The fog was closing around the Schola in grasping, veiny fingers.

Halfway down the hill, saplings and bushes started springing up, the forest’s outliers. Then the trees rose, dense and black even though they were naked and festooned with shards of ice. The owl soared, came back, circled me as I ran, and shot forward down the hill, leaving the graveled path behind and crossing the paving, heading for the inky smear of trees.

My breath came in harsh caws of effort. I ran, and the owl returned, like it was pressing me to go faster. It wheeled over my head again, and I thought I heard Gran’s voice. That’s a wise animal what muffles its wings so the mouse can’t hear it, Dru. And it’s a wise animal what hides even when it’s quiet. You never know when somethin’s up over the top of you lookin’ down.

The first time I’d seen the owl was on the sill of Gran’s hospital window, the night she died. I’d kept quiet about it ever since. Only Dad knew about it, and he was—

Stop thinking and run. This time it was Dad’s voice, full of quiet urgency. The only place their voices were left was in my head. It was better than being alone but it was so, so lonely.

I tried to speed up, but the thick clear goop over the world was hardening. My heart rammed against the walls of my chest, pulsing in my throat and wrists and eyes so hard, like it wanted to escape.

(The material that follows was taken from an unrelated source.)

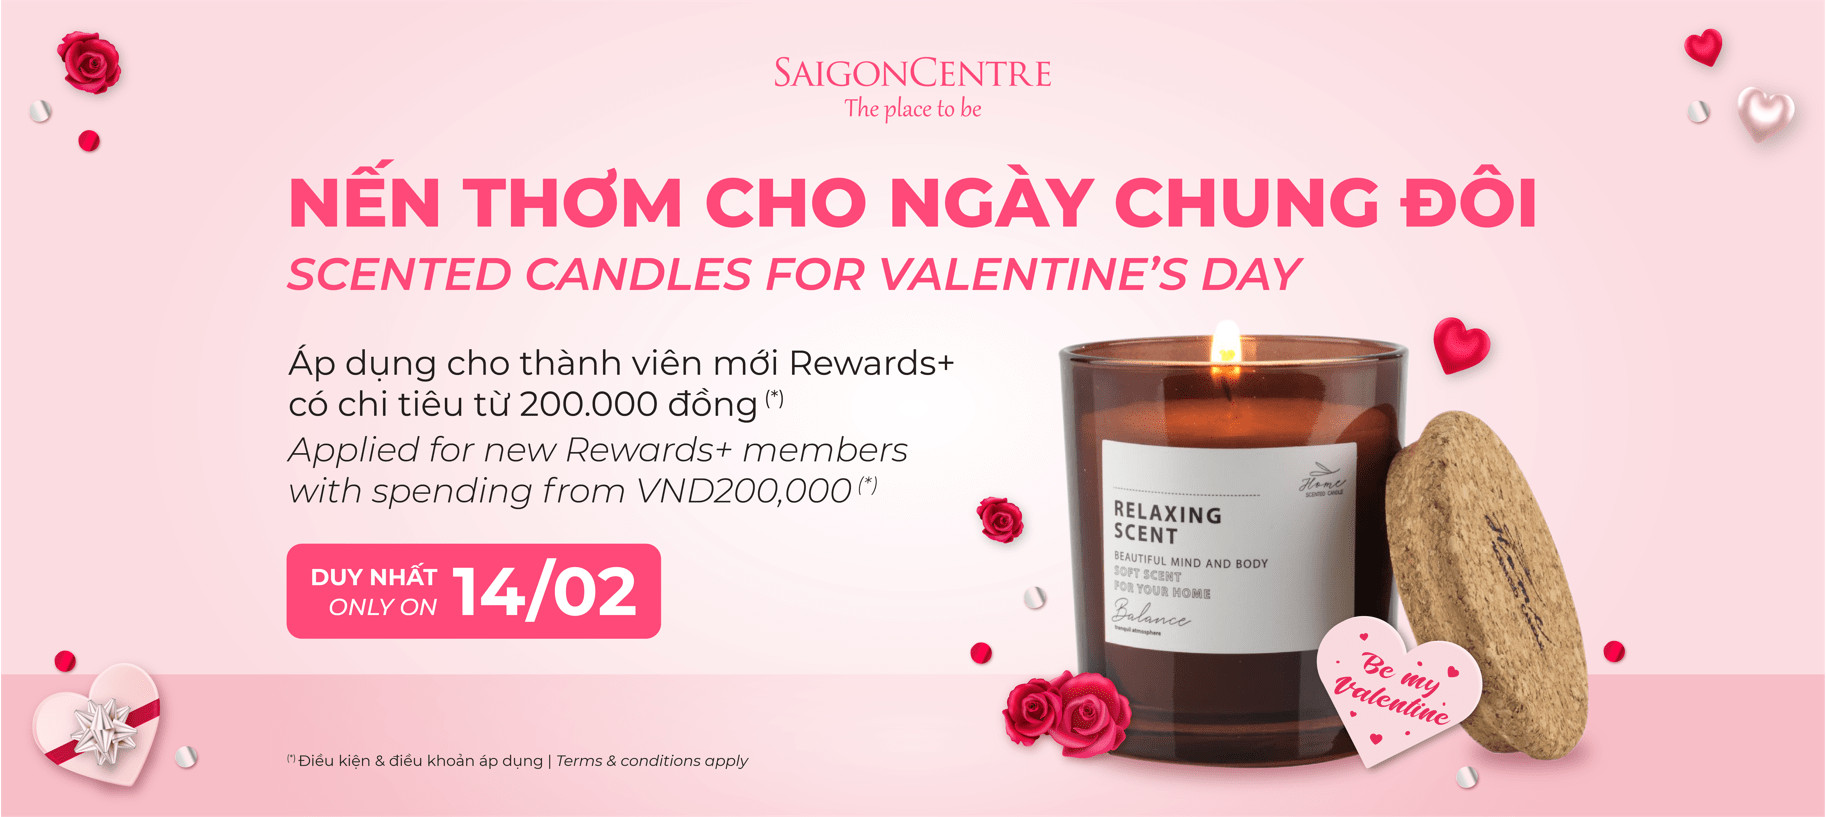 SCENTED CANDLES FOR VALENTINE'S DAY

The world popped back up to speed like a rubber band, and I was flung forward as if a huge warm hand had reached down and tapped me like a pool ball. Almost fell, caught myself, and leapt over the last garden box, clearing it with feet to spare.

Sound rushed back in. Ice crackling, gravel flying, my own footsteps a hard tattoo against frozen ground, the harsh rhythm of my breathing, and behind me, padded footsteps and a high, chilling howl, queerly diluted through the odd, gleaming fog. The taste of oranges ran over my tongue again; I couldn’t spit to clear my mouth and wouldn’t have anyway, since it wasn’t just waxen oranges. I knew for sure now it meant something totally and completely bad was going down.

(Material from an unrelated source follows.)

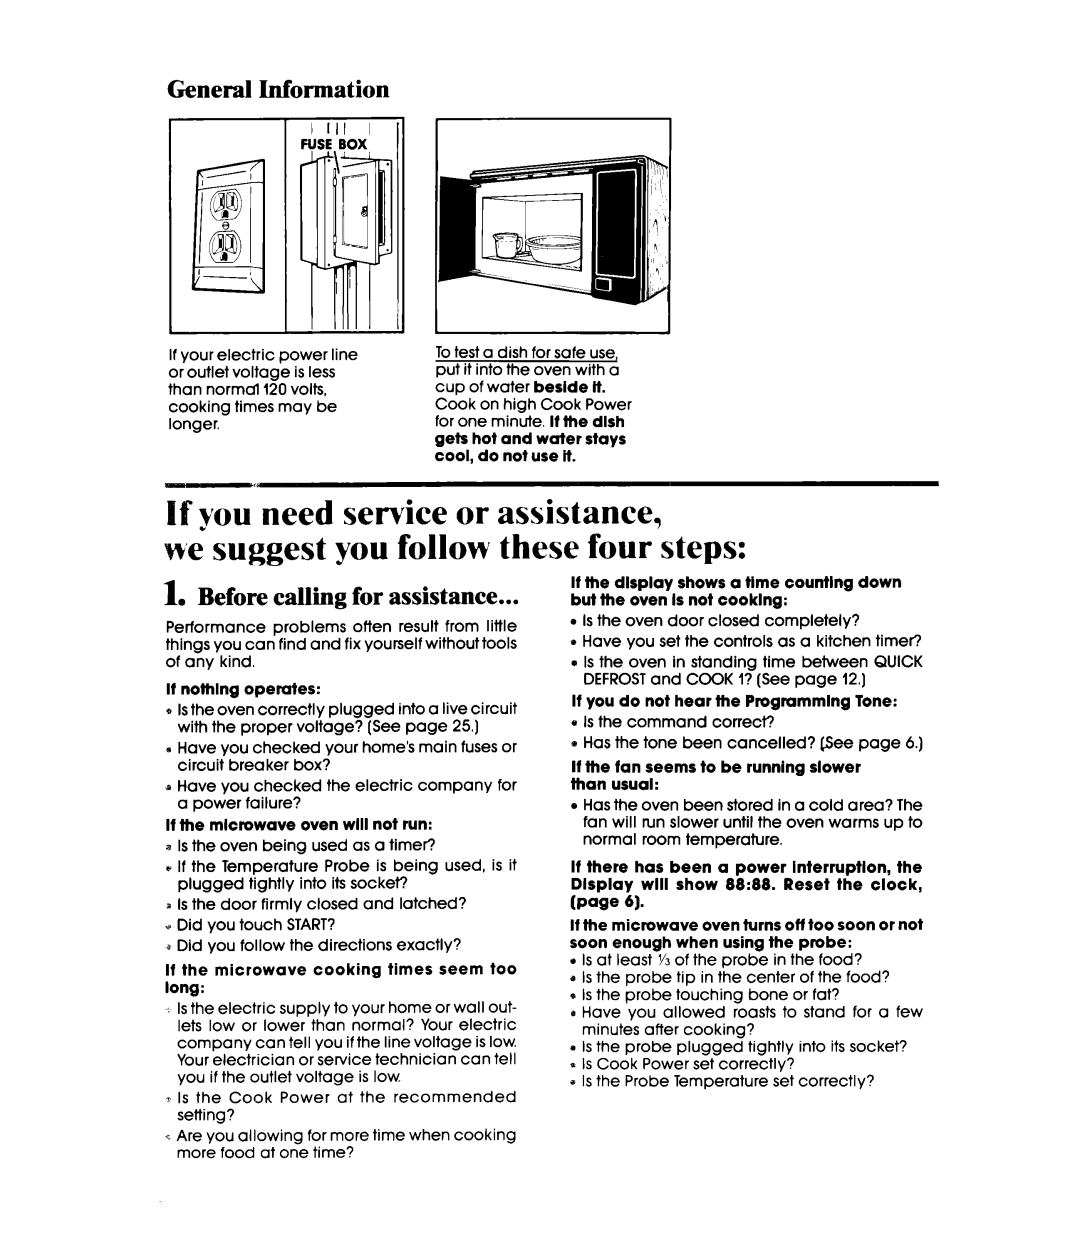 Whirlpool MW3601XW manual If vou need service or assistance, wk suggest you follow these four steps, General Information T

I ran for the trees like my life depended on it. Because I knew, deep down, that it did.

CHAPTER 8

Branches slapped at my face and hands. I leapt over a fallen log, crunched down in a pile of leaves, and fell. Scudgy leafmuck splorched up through my fingers. The darkness scored itself with little diamond holes of moonlight, sharp frozen reflections. I scrambled to my feet and took off again, dodging a creeping streamer of fog. The locket was a lump of ice on my chest.

Behind me, another howl lifted to the cold sky. This one was edged with broken glass and razors.

It burrowed into my head, scraping against the inside of my skull.

They’ve found my trail. I didn’t know who they were, or even why I was so sure they’d run across my scent. I just… knew, the way you know how to breathe or to pull your hand back from a hot stove. The way I knew to avoid the creeping little fingers of vapor rising from the ground.